Martin Brand est un jeune chef d'entreprise plein d'ambition, une sorte de start-upper pour reprendre un vocable très à la mode, le pur produit d'une école de commerce qui imagine déjà tout le profit qu'il va pouvoir tirer d'un investissement avisé grâce à un "business plan" impeccable et une stratégie commerciale audacieuse.
Bon, dit plus clairement, il est sûr d'avoir trouvé un créneau super original qui va faire un carton en très peu de temps, porté par le buzz, et aussi un parfum de scandale bienvenu... Ainsi a-t-il ouvert rue de Nemours, dans le 11e arrondissement de Paris, le XDoll, le premier établissement d'une nouvelle génération de bordels ouvert en France.
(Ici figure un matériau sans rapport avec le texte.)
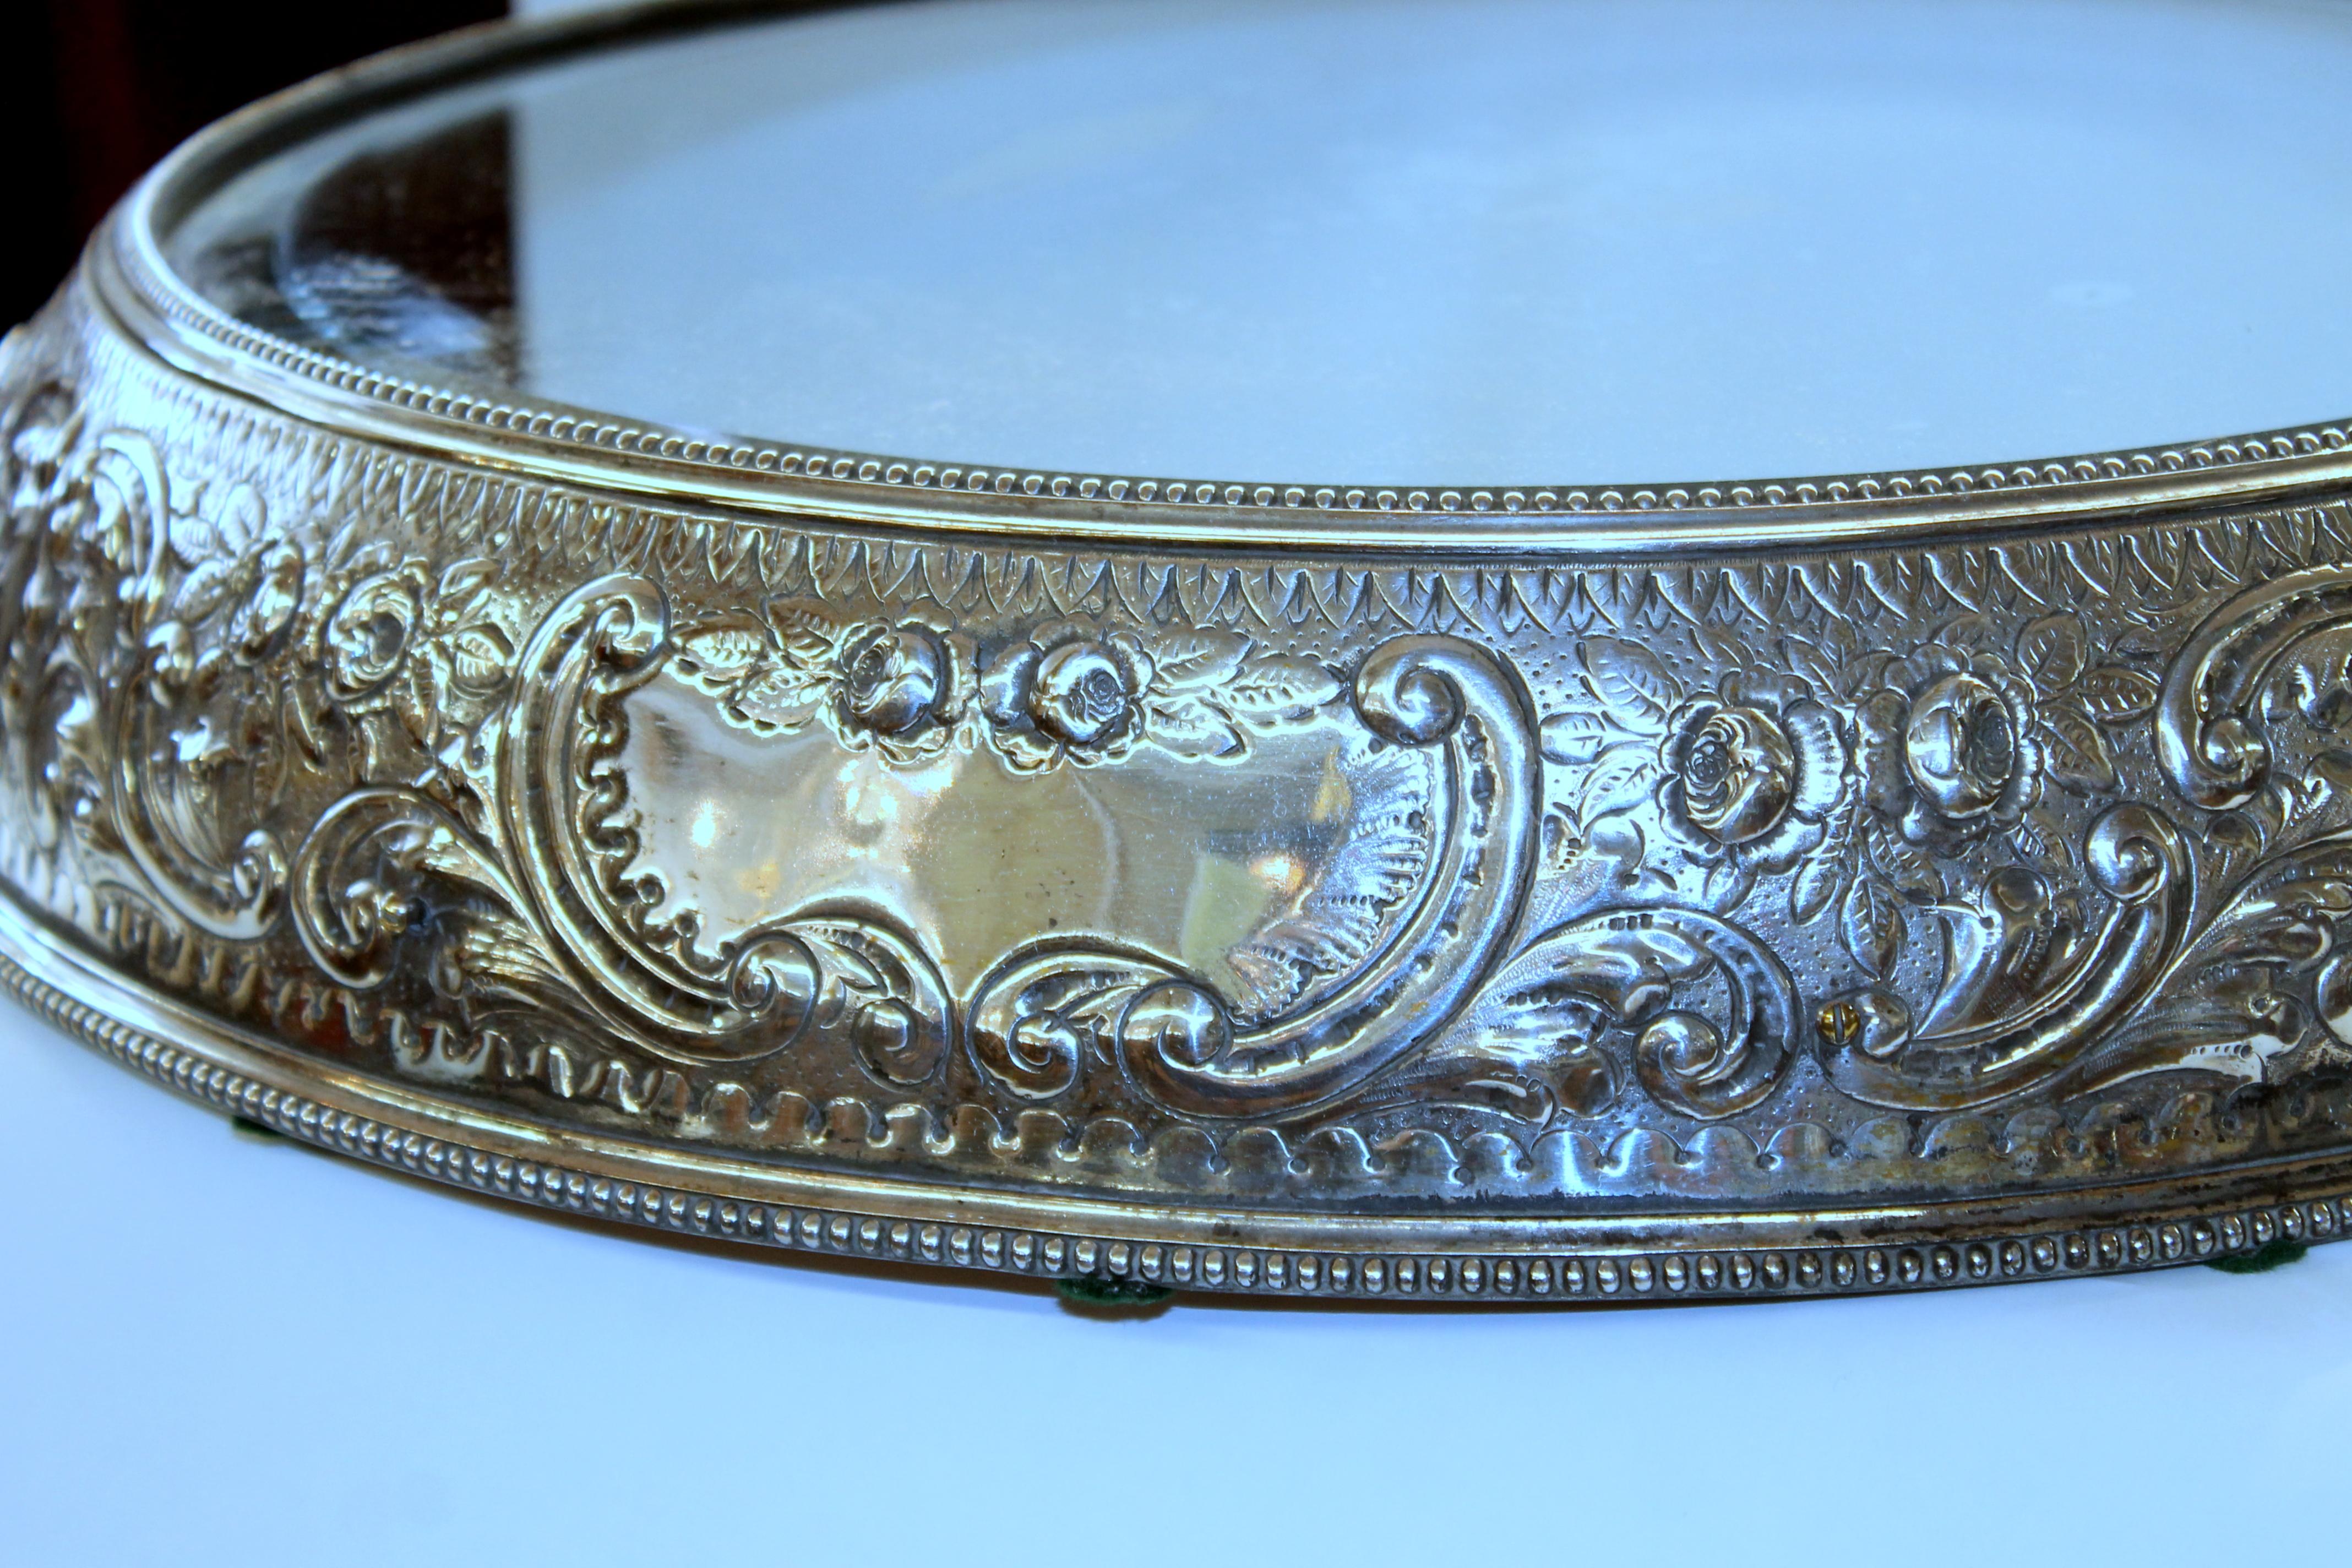 Magnificent antique English hand chased silver plate large, round mirror plateau.  

Unusually large size with exceptional hand chased border; original beveled mirrored glass (some spots beneath the mirrored glass noted); some minor plate loss

Au XDoll, on ne met pas à la disposition des clients des êtres humains, mais des poupées. Pas les banales poupées gonflables, non, des poupées ayant l'apparence la plus proche possible d'un être humain. Visuellement, mais aussi au toucher, grâce au silicone, une matière bien plus agréable que le vulgaire caoutchouc...
Mais, si Brand est un hommes d'affaires, il n'est pas un maquereau. Aucune étude de marché, aucune courbe prévisionnelle, aucun savoir théorique ne l'a préparé à devenir tenancier de maison close... Et surtout, à gérer une clientèle sensiblement différente de celles des commerces plus... traditionnels... Tout cela lui met les nerfs à vif...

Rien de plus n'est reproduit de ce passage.